Inter-species comparative antioxidant assay and HPTLC analysis of sakuranetin in the chloroform and ethanol extracts of aerial parts of Rhus retinorrhoea and Rhus tripartita.

CONTEXT: Extensive research on Rhus (Anacardiaceae) shows their antioxidant potential, which warrants further evaluation of its other species.
OBJECTIVE: To perform a comparative antioxidant assay on extracts of R. retinorrhoea and R. tripartita, including sakuranetin quantification by a validated HPTLC method.
MATERIALS AND METHODS: In vitro antioxidant assay was performed on chloroform and ethanol extracts of R. retinorrhoea Steud. ex Oliv. (RRCE and RREE) and R. tripartita (Ucria) Grande (RTCE and RTEE) by DPPH radical scavenging (at 31.25, 62.5, 125, 250 and 500 μg/mL concentrations) and β-carotene-linoleic acid bleaching methods at 500 μg/mL concentration. Densitometric HPTLC method was developed and validated using toluene: ethyl acetate: methanol (8:2:0.2; v/v/v) as mobile phase, executed on glass-backed silica gel F254 plate and scanned at 292 nm.
RESULTS: Antioxidant activity of Rhus extracts tested by the two methods (DPPH/BCB) was found in order of RTEE > RREE > RTCE > RRCE with IC50 118.67/256.26, 315.75/82.35, 827.92/380.0 and 443.69/292.75, respectively. Scanning of the HPTLC plate provided an intense peak of sakuranetin at Rf = 0.59. The estimated sakuranetin content in the dry weight of the extracts was highest in RREE (27.95 μg/mg) followed by RRCE (25.22 μg/mg), RTEE (0.487 μg/mg) and RTCE (0.0 μg/mg). Presence of sakuranetin in RREE, RRCE and RTEE supported the highest antioxidant property of the two Rhus species. Nonetheless, low sakuratenin in R. tripartita indicated the presence of other bioactive constituents responsible for synergistic antioxidant activity.
CONCLUSION: The developed HPTLC method therefore guarantees its application in quality control of commercialized herbal drugs and formulations containing sakuranetin.

Introduction

Exploring novel and effective naturally derived antioxidants of nutritional values for human health has been a major goal for herbalists. The genus, Rhus (Anacardiaceae) commonly known as ‘sumac’ is comprised of 250 flowering plant species distributed in the temperate and tropical regions, worldwide (USDA 2007). Traditionally, several species of Rhus have been used for their medicinal purposes by indigenous cultures (Van Wyk & Wink 2004). Of these, Rhus glabra L. (smooth sumac) (Anacardiaceae) has been used in the treatment of bacterial infection like syphilis, gonorrhea, dysentery, and gangrene by North American people (Erichsen-Brown 1989). Other species, Rhus coriaria L. (tanner’s sumac) is commonly used as spice and wound healing herb in the Mediterranean and Middle East regions (Sezik et al. 1991). Moreover, maximum research dedicated to Rhus extracts has shown their antioxidant potential that warrants for further evaluations of its other species and commercialization.

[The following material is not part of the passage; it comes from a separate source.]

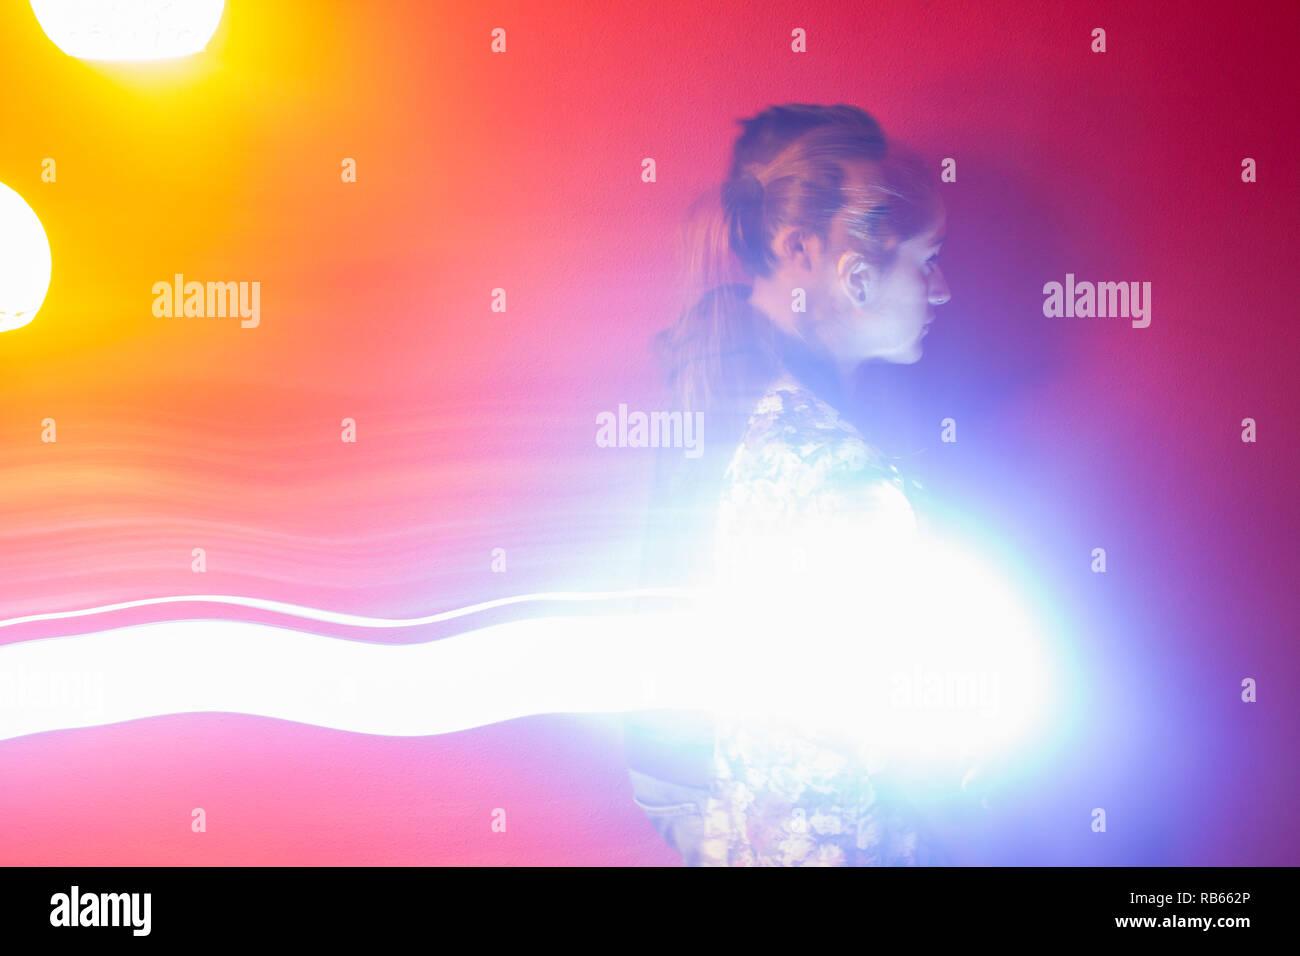 Un paio di giovani donne e uomini con trasparenza, con sfondo rosso e luci luminose Immagini Stock

The ethanol extract of Rhus verniciflua Stokes was reported to exhibit strong antioxidant properties against reactive oxygen species wherein its aqueous fraction protected against thymocyte apoptosis, attributed to antioxidant flavonoid contents (butein, quercitin, fustin and sulfuretin) (Lee et al. 2001). In addition, fustin and sulfuretin were found in Rhus copallina, Rhus typhina (Young 1976) and R. glabra (Keppler 1957; Yasue & Kato 1957) which had suggested their potential antioxidant properties. The ethanol extract of R. verniciflua wood was found superior to BHA and α-tocopherol in its antioxidative action (Park et al. 2002). The alcoholic extract of fruits and leaves of R. coriaria is used in stabilization of peanut oil due to its high antioxidant properties (Ozcan 2003a, 2003b). Rhus tripartita is mainly found in North Africa (Tackholm 1974) and widely used in food and traditional medicine (Wu et al. 2013). It has been extensively used in the treatment of several ailments including diarrhea, inflammatory diseases, diabetes, sexual disease, fever, pain and various cancers (Lev & Amar 2002; Giancarlo et al. 2006; Kossah et al. 2010; Lee et al. 2010). Furthermore, several flavonoid phytoconstituents with mild antimalarial activity have been also reported in Rhus retinorrhoea (Ahmed et al. 2001).

Flavonoids are the phenolic compounds of plant origin, and exhibit antioxidant, antimicrobial, antiallergenic, antiviral, anti-inflammatory and photoreceptor activities. The antioxidant property of flavonoid is attributed to its ability to reduce the formation of free radicals and promotion of free radical scavenging (Pier-Giorgio 2000). Of these, sakuranetin [(+/−) 7-O-methylnaringenin] is an important flavanone (Figure 1) (Jung et al. 2005) that has been identified in several other genera like, Oryza sativa L. (Grasses) (Rakwal et al. 1996), Boesenbergia pandurata (Roxb.) Schltr. (Zingiberaceae) (Tuchinda et al. 2002), Eriodictyon californicum (Hook. & Arn.) Torr. (Hydrophylloideae) (Liu et al. 1992) and different Piper species (Orjala et al. 1994; Moreira et al. 2000). Sakuranetin has been found to possess antioxidant (Soarse et al. 2005), chemopreventive (Charles et al. 2014), antinoceptive, and anti-inflammatory properties (Zhang et al. 2006; Cruz et al. 2016).

Figure 1.

Chemical structure of flavonoid sakuranetin.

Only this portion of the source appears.